Checking for option arguments requires even more code, and there's a risk you'll make a mistake somewhere.
Did you remember about supporting -- as an "end of options" marker?

Employing getopts (bash built-in)

Parsing options is a relatively common problems, and as it usually happens with common problems – there's a library for that. If you're using a POSIX-conformant shell, you can use the shell builtin getopts for option parsing.

#!/bin/bash
 
while getopts "ab:d" OPTNAME; do
    case "$OPTNAME" in
        a)
            OPTION_A=1
        ;;
 
        b)
            OPTION_B=$OPTARG
        ;;
 
        d)
            OPTION_DOUBLE=1
        ;;
 
        \?)
            exit
        ;;
    esac
done

Much cleaner! getopts will go through the script arguments, parsing options and their arguments (values). The exit status is zero while parsing options, and non-zero when a non-option is encountered, which makes it rather natural to stick the whole thing into a while loop.

Okay, but how do we actually specify the supported options? This done via the first argument to getopts, which is usually called an option string. It is basically a list of possible single-letter options, each of them optionally followed by a colon (:), which serves as a "this option expects an arguments" marker.

When getopts processes the script options, it puts the current option index in the OPTIND variable, and the option argument (if it takes one) in the OPTARG variable. The variable which stores the actual option name can be controlled by the user and is the second argument to getopts; in the example above, I use OPTNAME, as it's a descriptive name that also fits nicely with the other two variables.

Error handling with getopts

What about error handling, you may ask? getopts does that for you, too!

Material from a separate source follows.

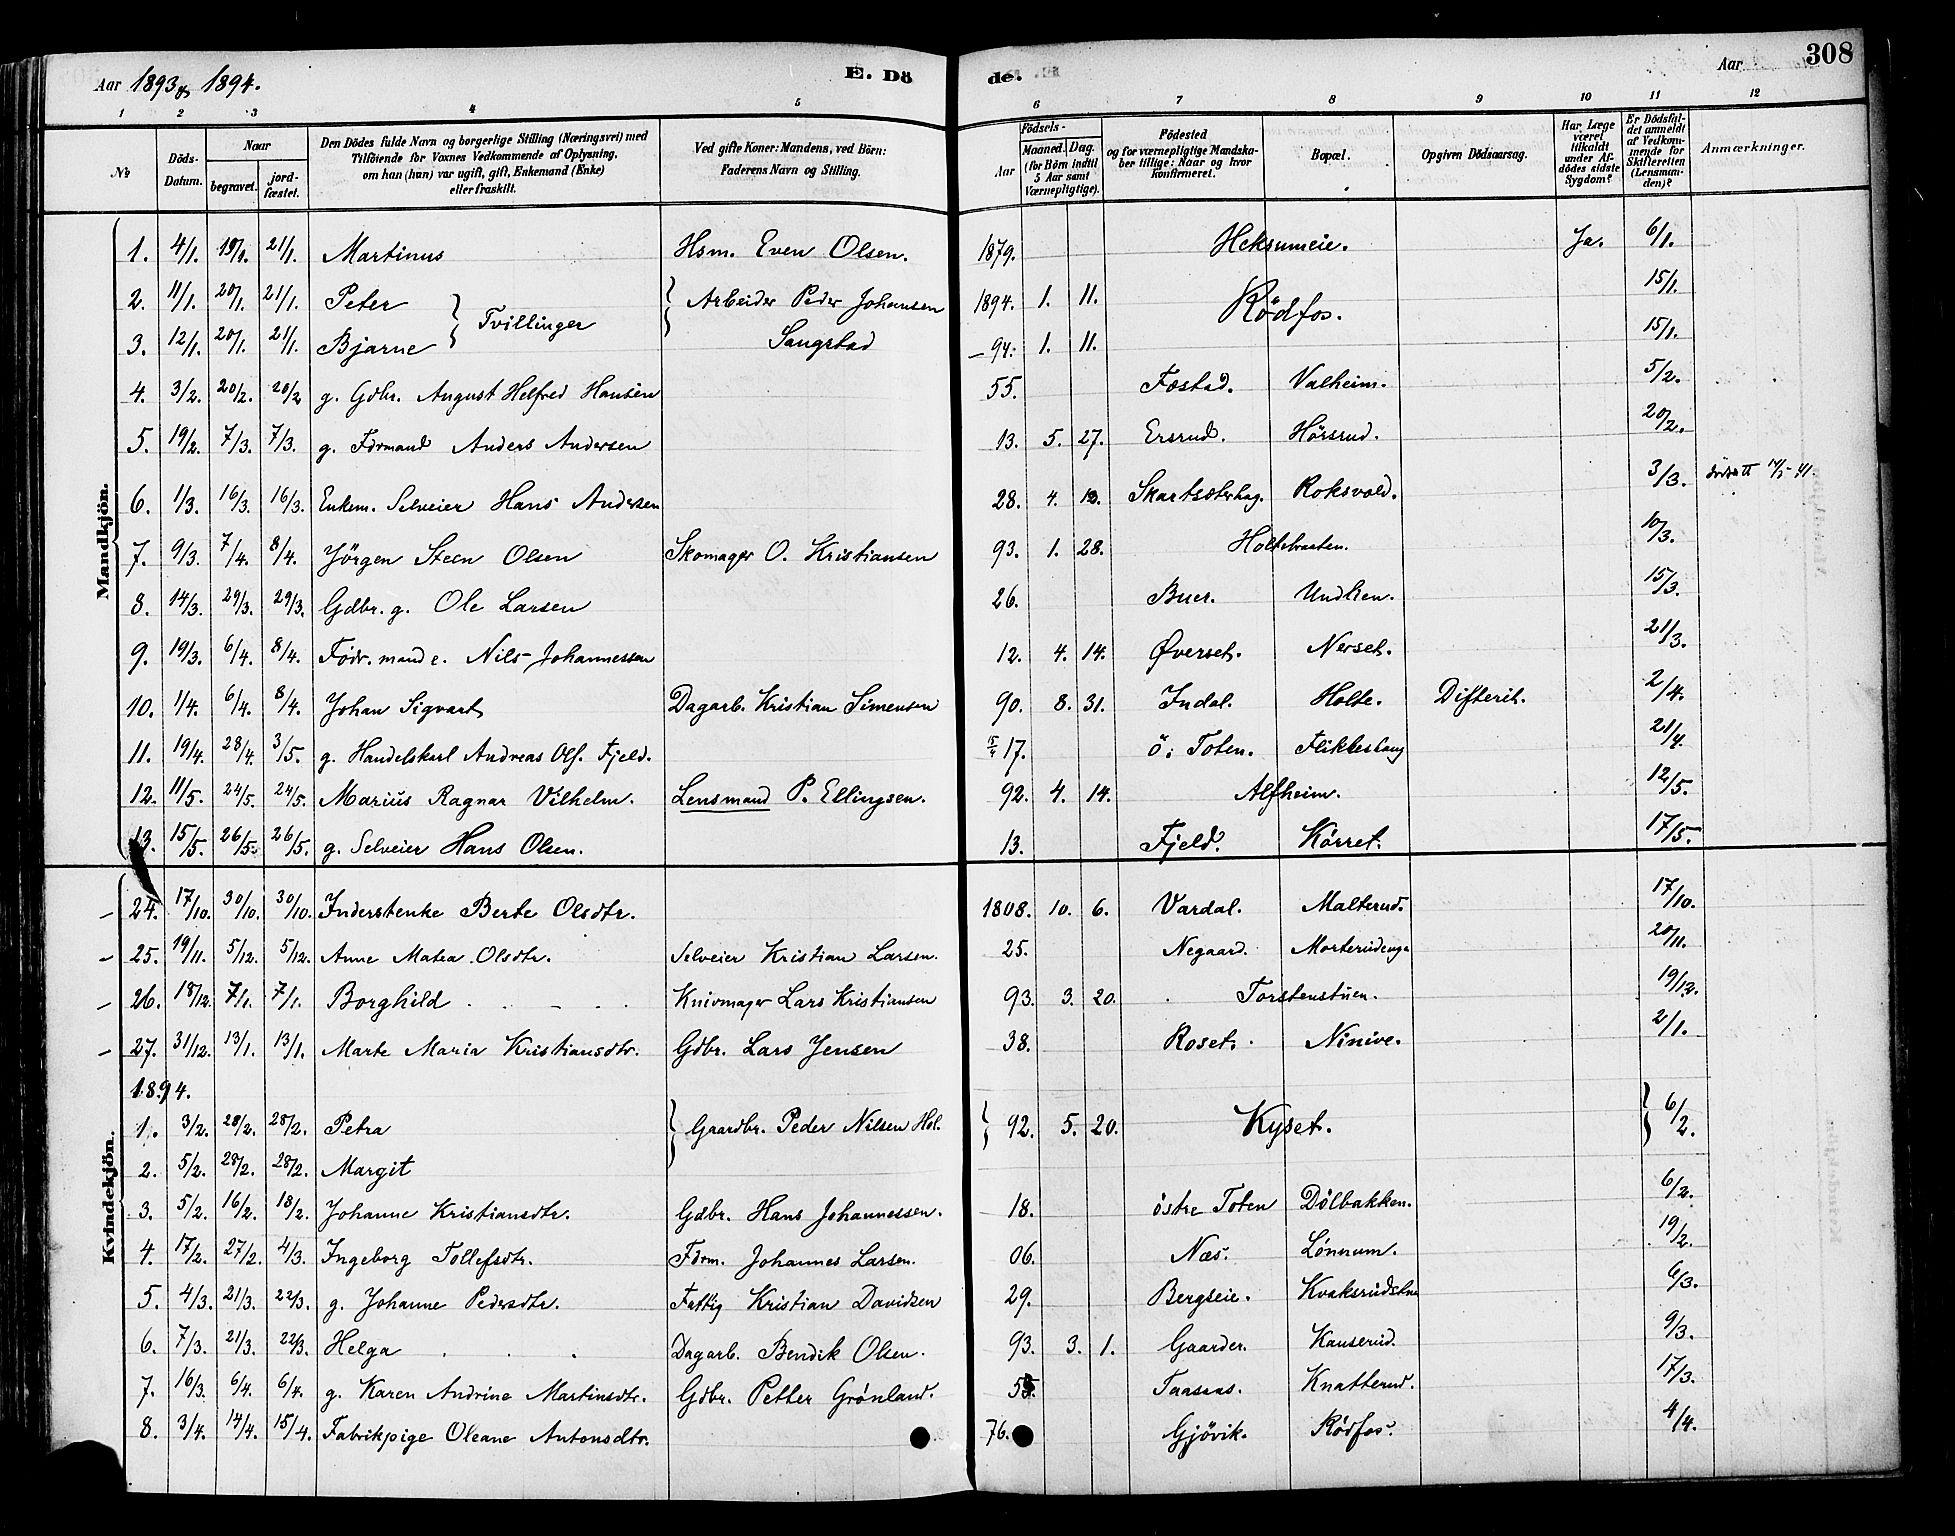 SAH, Vestre Toten prestekontor, H/Ha/Haa/L0009: Ministerialbok nr. 9, 1878-1894, s. 308

If an unknown option is encountered, getopts will print an error message, and the selected variable (OPTNAME in the example above) will be set to ? (a question mark character).

If you want more control over error handling, you may prepend your option string with a colon (so in the example above, it would become :ab:d).

#!/bin/bash
 
while getopts ":ab:d" OPTNAME; do
    case "$OPTNAME" in
        a)
            OPTION_A=1
        ;;
 
        b)
            OPTION_B=$OPTARG
        ;;
 
        d)
            OPTION_DOUBLE=1
        ;;
 
        :)
            echo "Option '-$OPTARG' requires an argument, ya dingus"
            exit
        ;;
 
        \?)
            echo "I don't know what '-$OPTARG' is!"
            exit
        ;;
    esac
done

When you do this, the getopts behaviour changes in a few ways.

First, it won't automatically print any error messages.
Second, upon encountering an unknown option, OPTNAME will be set to ? (as in the standard scenario), and the unknown option will be put into the OPTARG variable.
Third, when an option requiring an argument is missing said argument, OPTNAME will be set to : (a colon) and said option will be put into the OPTARG variable.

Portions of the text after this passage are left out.